_Task objective_
When you return the data, keep every line exactly as it is and leave out the pictures.

########

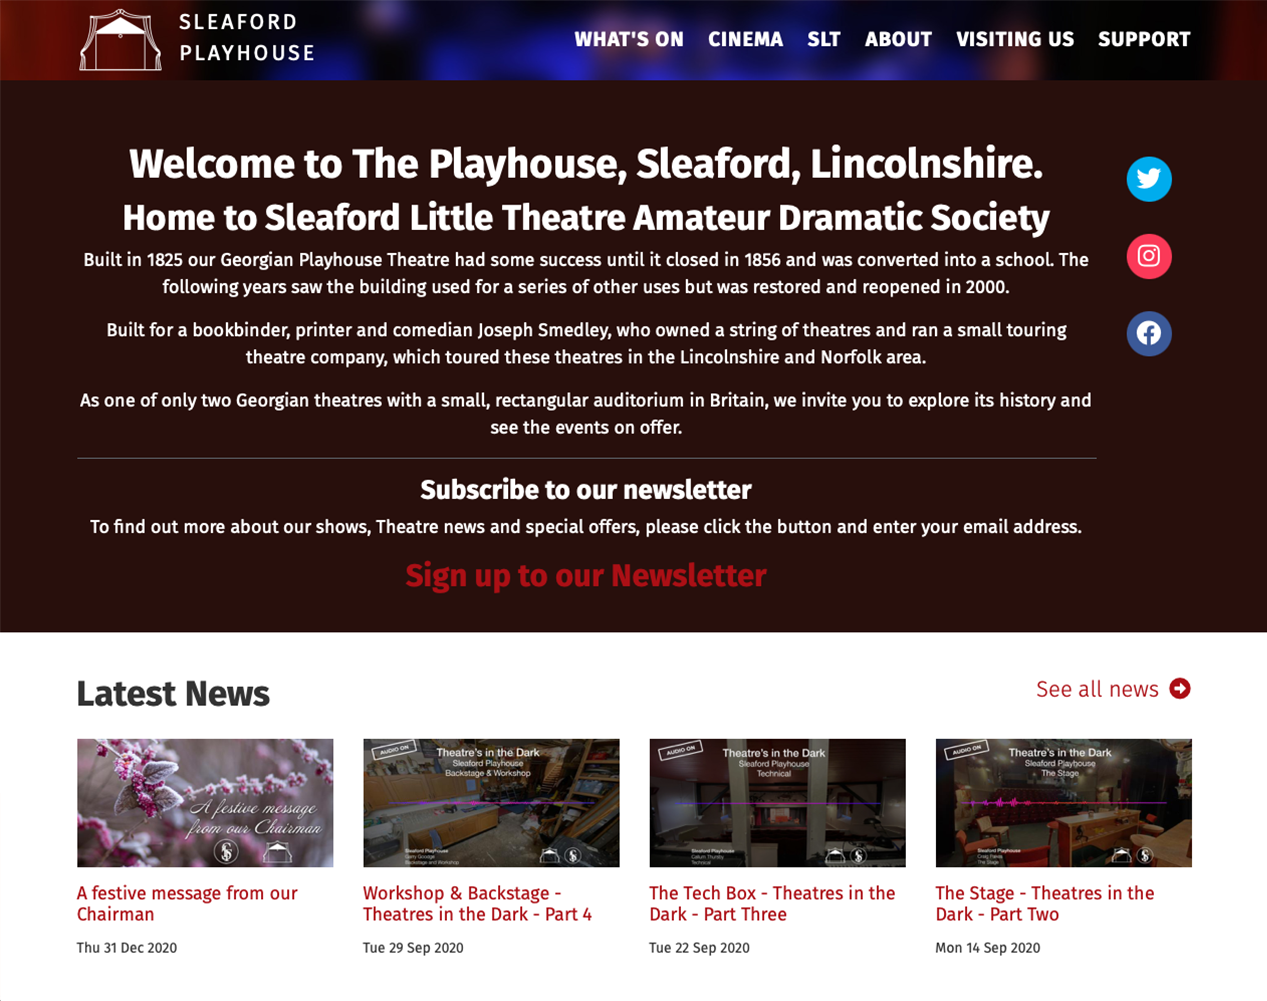 Sleaford Playhouse
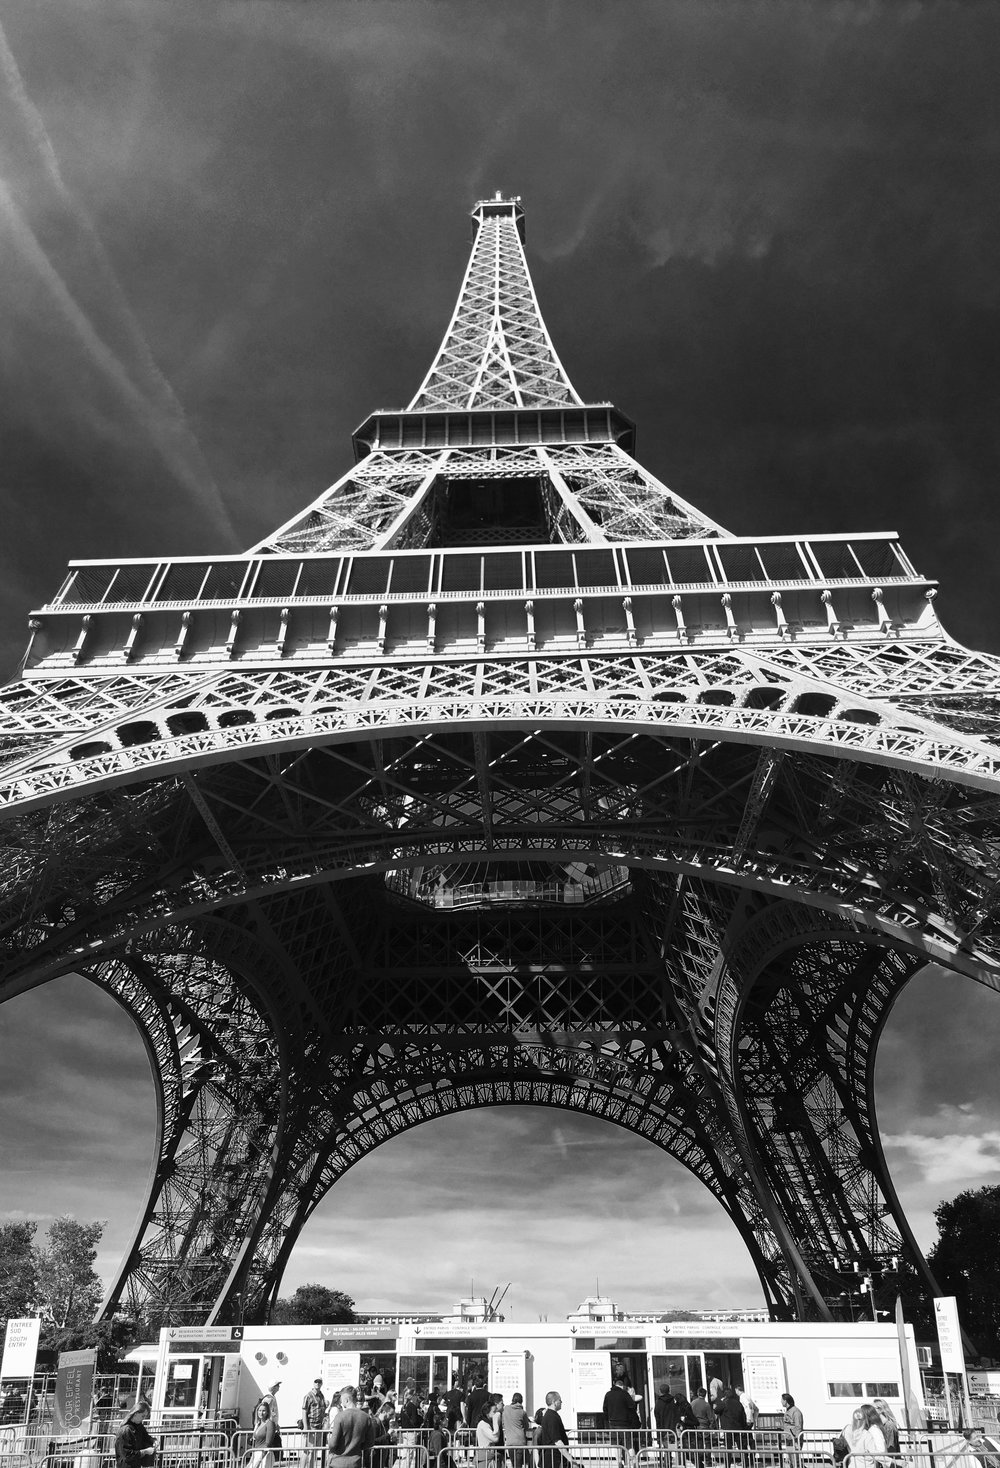 Tom_Oliver_Payne_London_to_Paris_Cycle-30.jpg
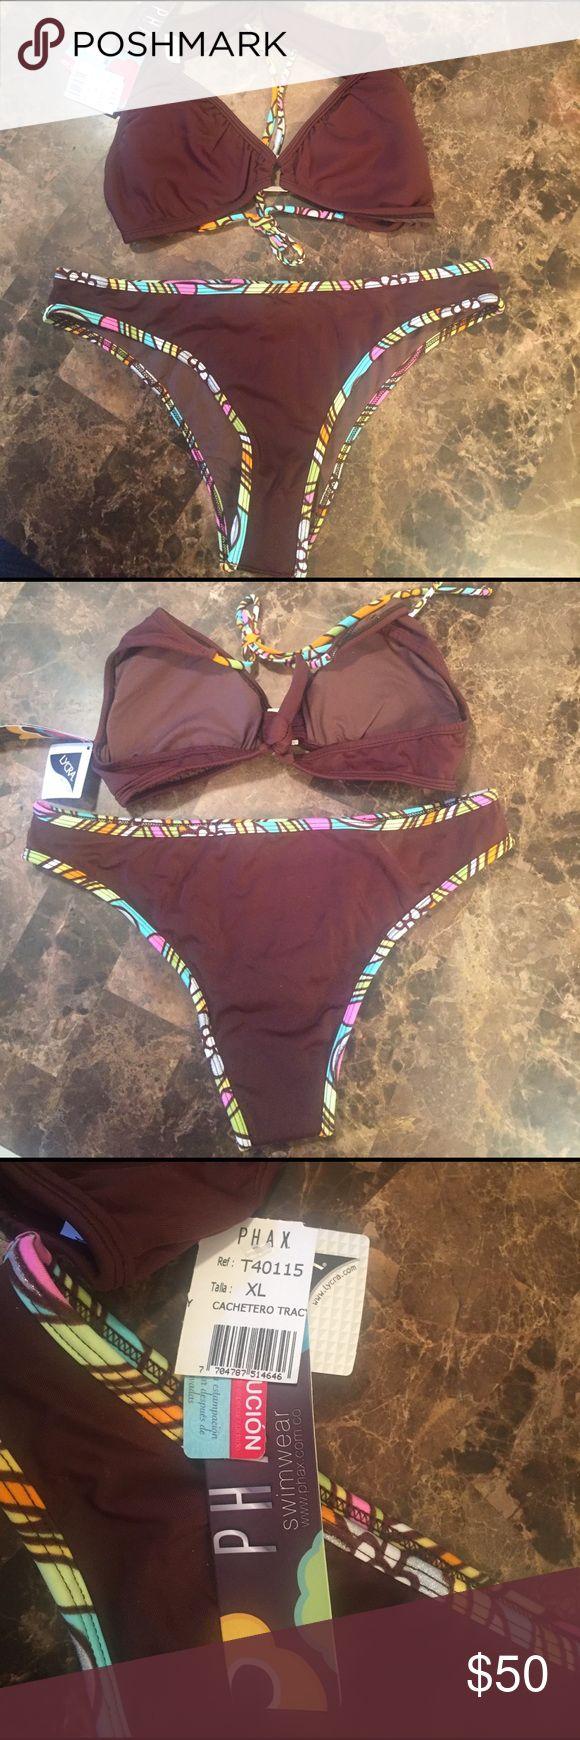 Very cute brown 2 piece PHAX bikini Very cute brown 2 piece PHAX bikini, famous colombian brand ! Enhance your figure with molded foam cups on the top & a sexy moderate rear coverage ! PHAX  Swim Bikinis
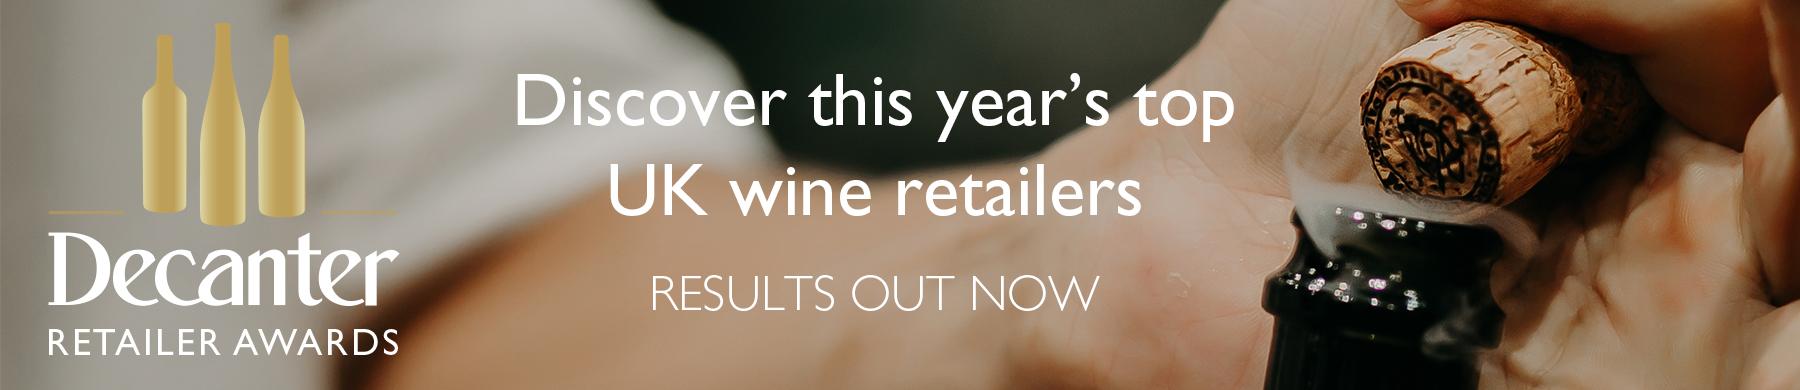 Decanter Retailer Awards 2019 winners announced
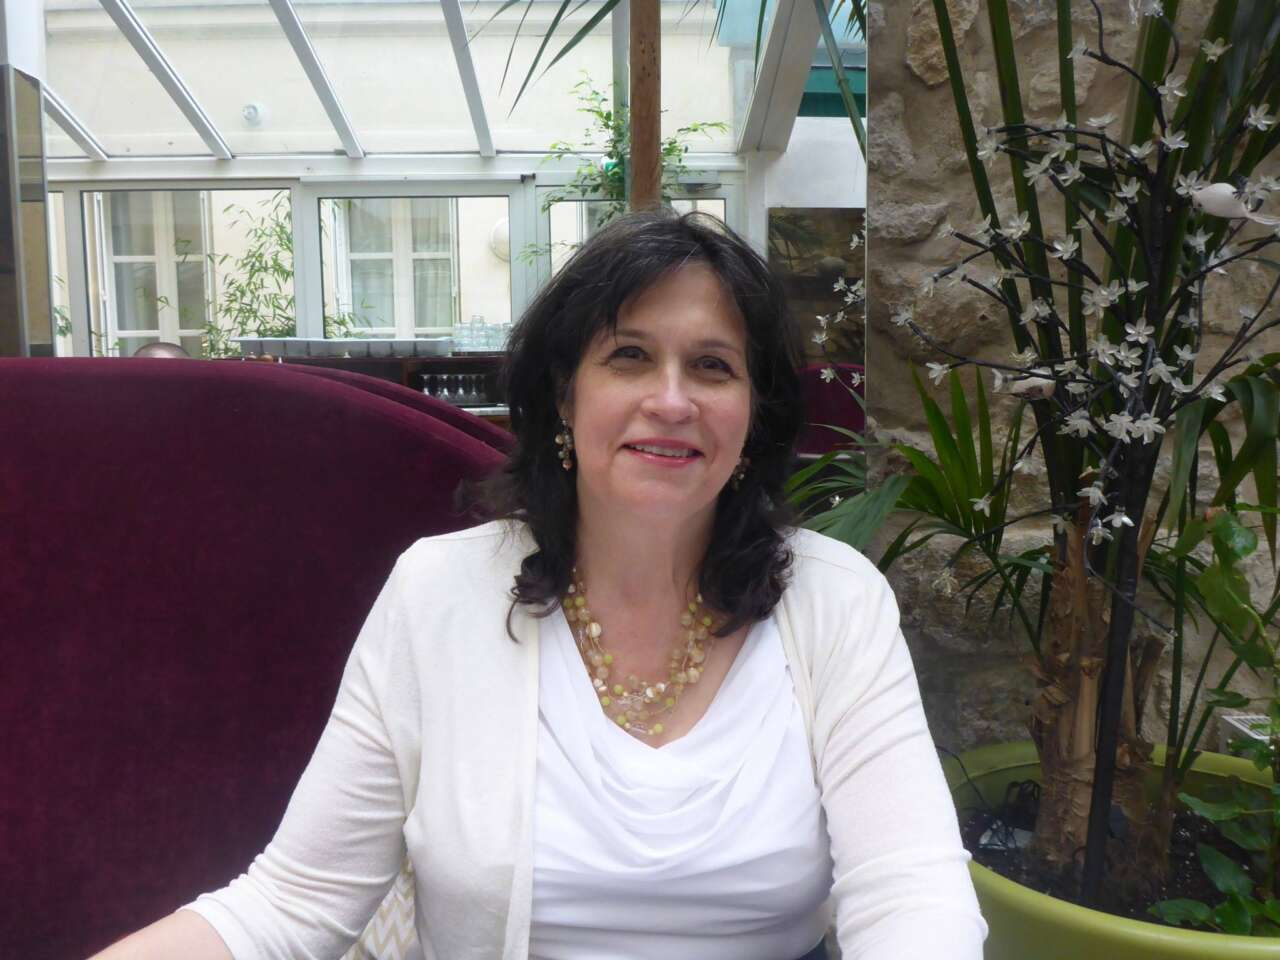 Kathy Bader older sister Diedrich Bader

########

_Response to the exercise_
 Sleaford Playhouse
 Tom_Oliver_Payne_London_to_Paris_Cycle-30.jpg
 Very cute brown 2 piece PHAX bikini Very cute brown 2 piece PHAX bikini, famous colombian brand ! Enhance your figure with molded foam cups on the top & a sexy moderate rear coverage ! PHAX  Swim Bikinis
 Decanter Retailer Awards 2019 winners announced
 Kathy Bader older sister Diedrich Bader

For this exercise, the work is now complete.